$\textbf{Problem}$: An athletic facility has $5$ tennis courts. Pairs of players arrive at the courts and use a court for an exponentially distributed time with mean $40$ minutes. Suppose a pair of players arrives and finds all courts busy and k other pairs waiting in queue. What is the expected waiting time to get a court?
$\textbf{Answer}$: As long as the pair of players are waiting, all five courts are occupied by other players. When all five courts are occupied, the time until a court is freed up is exponentially distributed with mean $40/5=8 $ minutes. For our pair of players to get a court, a court must be freed up $k+1$ times. Thus, the expected waiting time is $8(k + 1)$.
The issue that I'm having in understanding is why does "The time until a court is freed up is exponentially distributed with mean $40/5=8$ minutes" rather than simply $40$ minutes.

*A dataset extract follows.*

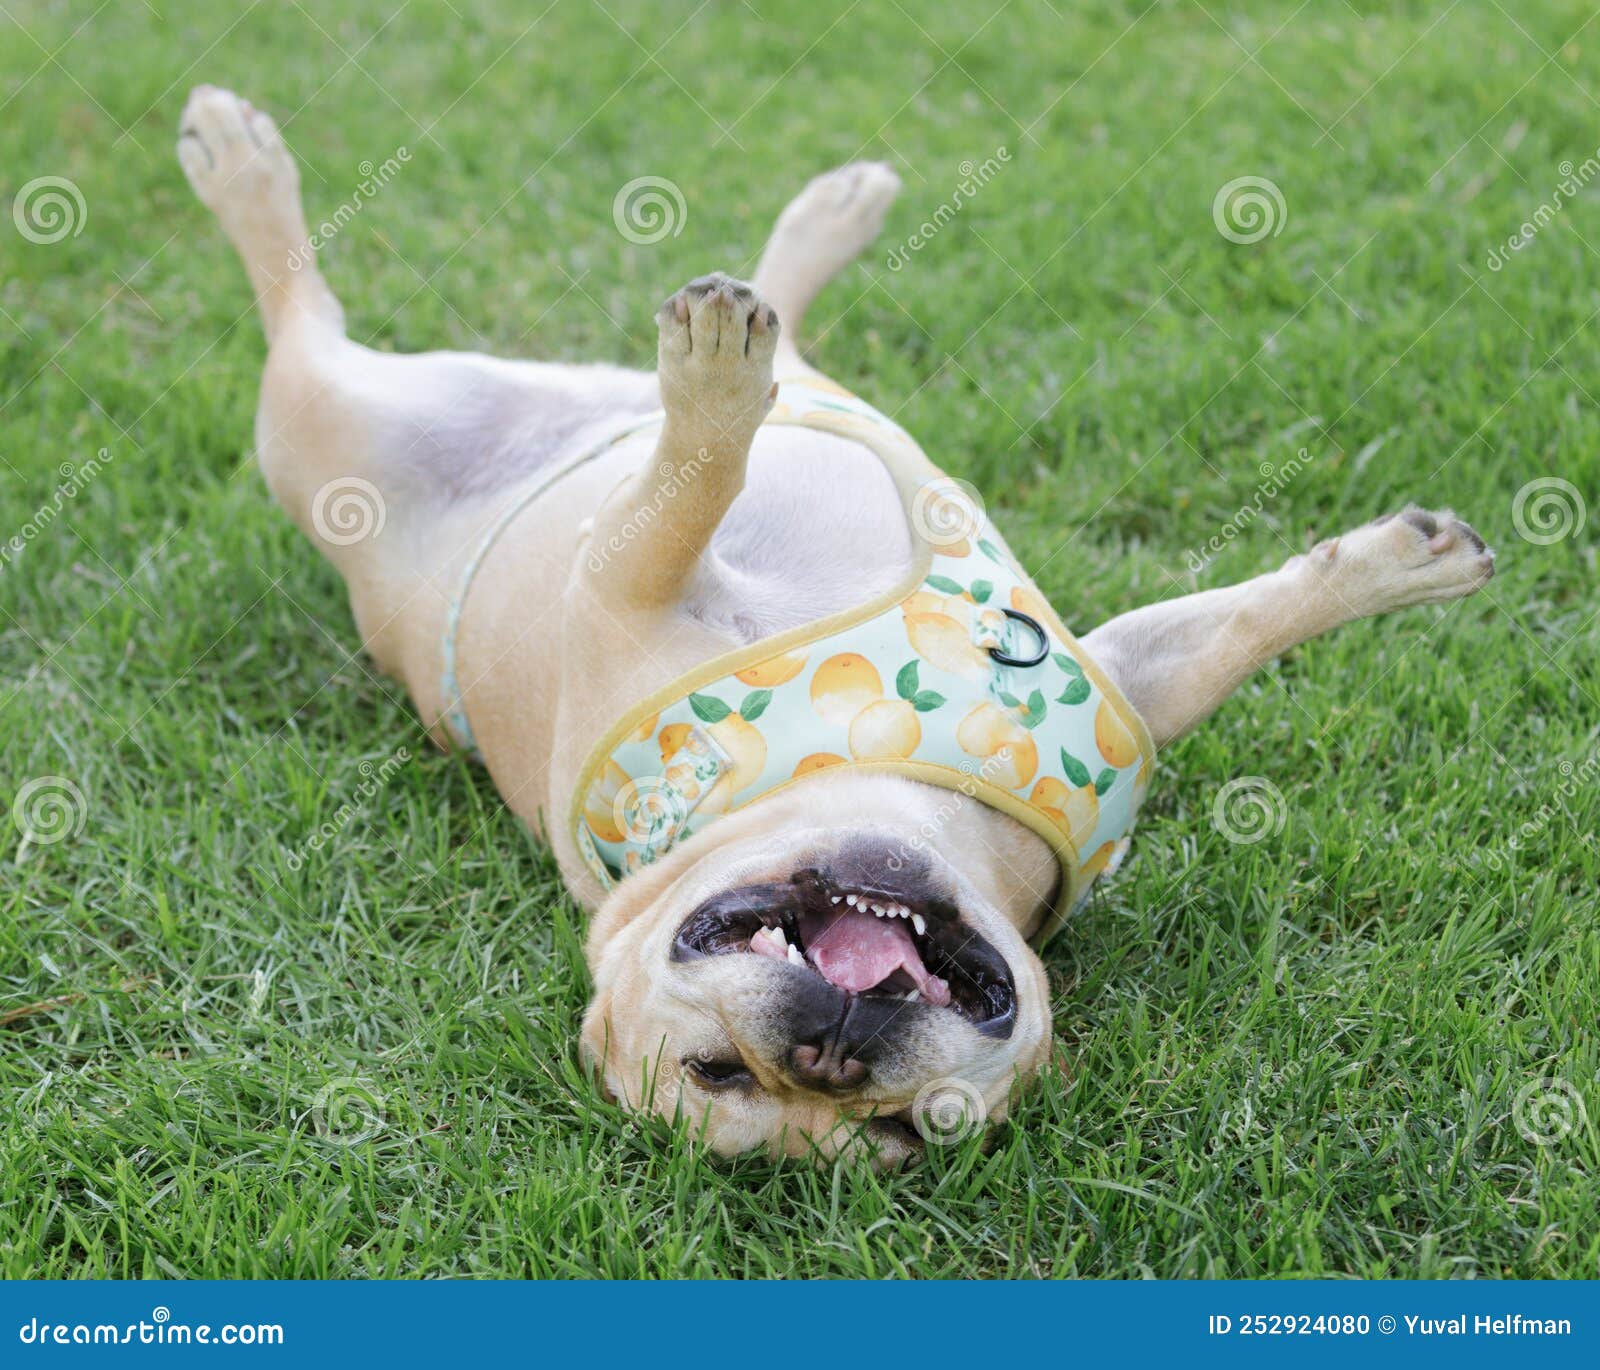 6-year-old french bulldog male rolling over and goofing off

Since every court is independent and using the memoryless property.
On the contrary, if I look at $$Z=min(X_{1}, X_{2}, X_{3}, X_{4}, X_{5})$$. where $X_{i}$ is time taken by a pair to play in court $i$ and is exponentially distributed time with mean $40$ minutes.
Then $Z$ itself becomes and exponentially distributed with mean $40*5 = 200$ minutes.
I am unable to understand it intuitively. Any help is appreciated.